Il pub­lie en 2009 les Mémoires des Belleville, livre dans lequel il retrace l’aven­ture que fut la con­struc­tion de ces nou­velles sta­tions alpines, face aux résis­tances et dif­fi­cultés de toutes sortes. Son édi­teur est la Fon­da­tion FACIM (Fon­da­tion pour l’ac­tion cul­turelle inter­na­tionale en montagne).

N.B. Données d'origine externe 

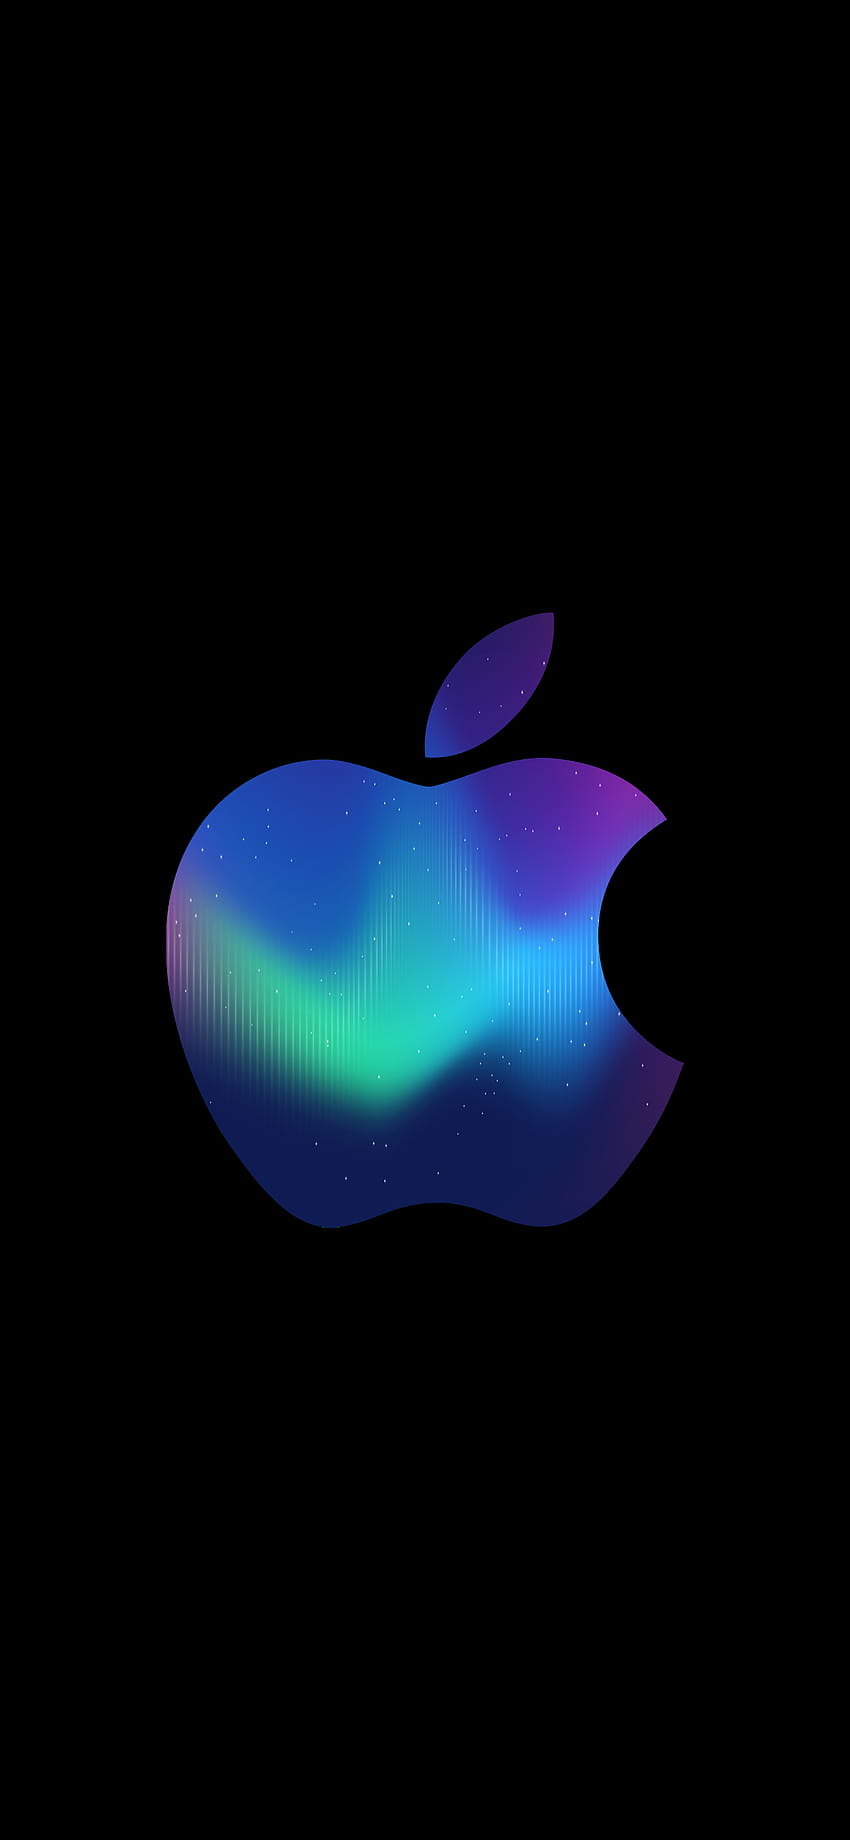 Apple, Amoled, IPhone, manzanas, frutas, s, logo amoled iphone fondo de pantalla del teléfono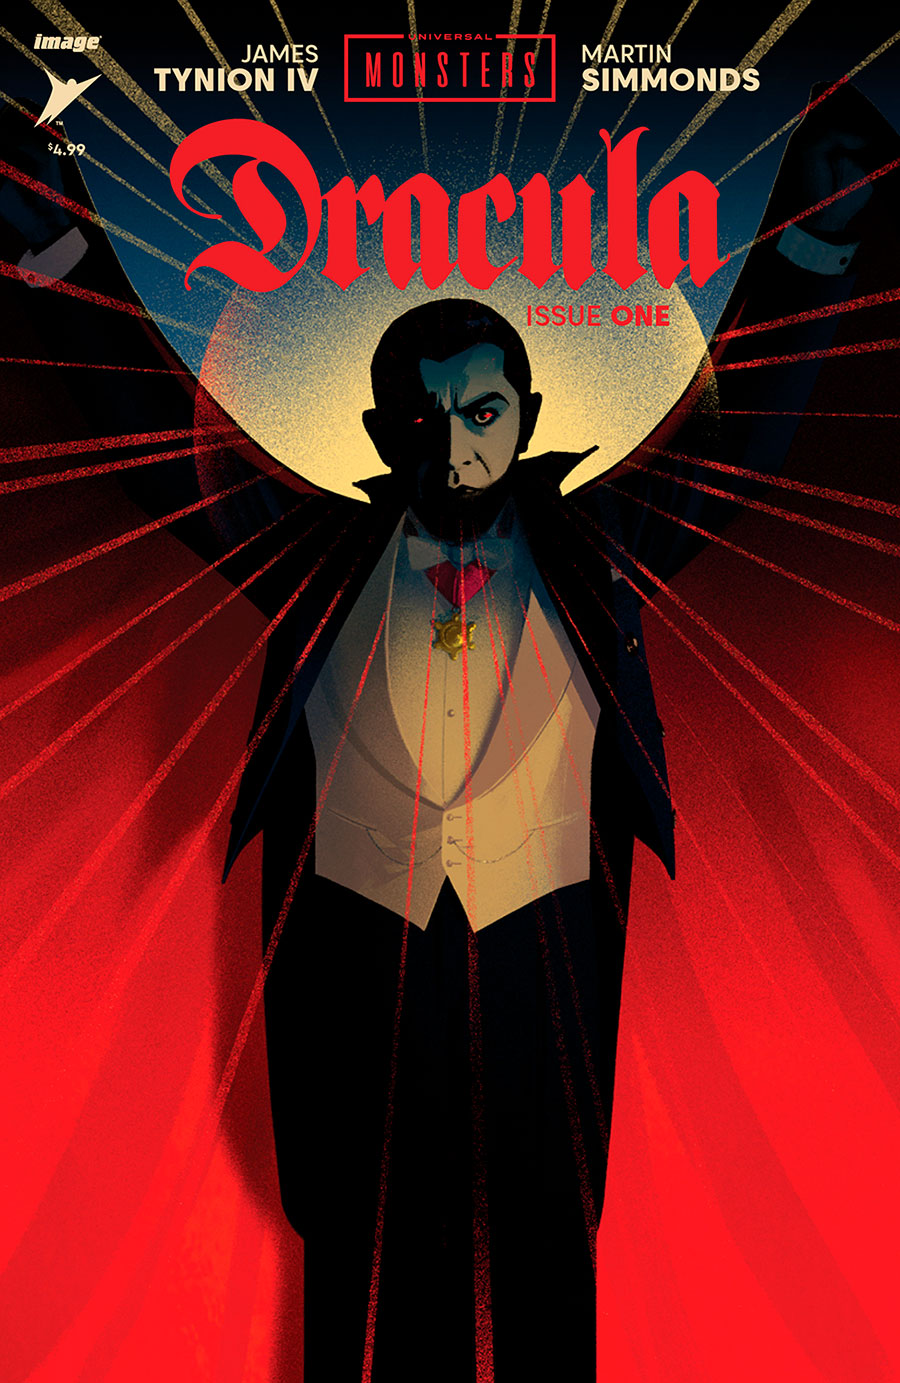 Universal Monsters Dracula #1 Cover B Variant Joshua Middleton Cover (Limit 1 Per Customer)

Il y a deux ans, il s’en­gage pour la dévi­a­tion de Greno­ble Nord. Le dossier est ” à l’en­vers ” comme il dit, mais le bon sens et l’ob­sti­na­tion lui don­neront encore une fois rai­son. Dans les derniers temps, il tra­vail­lait encore à un grand pro­jet d’ir­ri­ga­tion du nord de l’É­gypte. Le 20 sep­tem­bre 2010, il s’est éteint à l’âge de 87 ans. Au-delà de toutes ses oeu­vres, il reste pour nom­bre d’en­tre nous l’homme à l’e­sprit tou­jours alerte, à l’hu­mour intariss­able, et surtout un ami sûr et fidèle, un homme véri­ta­ble­ment bon.


Hommage savoyard

C’est au nom du Con­seil général et de tous les élus de Savoie qu’Hervé Gay­mard, ancien min­istre, a ren­du un dernier hom­mage à Georges Cumin : ” Une chose ne trompait pas. Il avait le sourire des yeux, le vrai, pas celui de la bouche dont il faut tou­jours se méfi­er. Ce regard expri­mait une grande bon­té, une pro­fonde humil­ité, un vrai souci des autres, même quand il était dans les nuages. Et c’est peut-être quand il était dans les nuages que nous l’aimions encore davan­tage. Mal­raux dis­ait que le soubasse­ment de l’in­tel­li­gence était ” la destruc­tion de la comédie “. Georges Cumin, par sa sim­plic­ité, sa fran­chise et sa ful­gu­rance qui allaient de pair, par son être même détru­i­sait toute comédie.”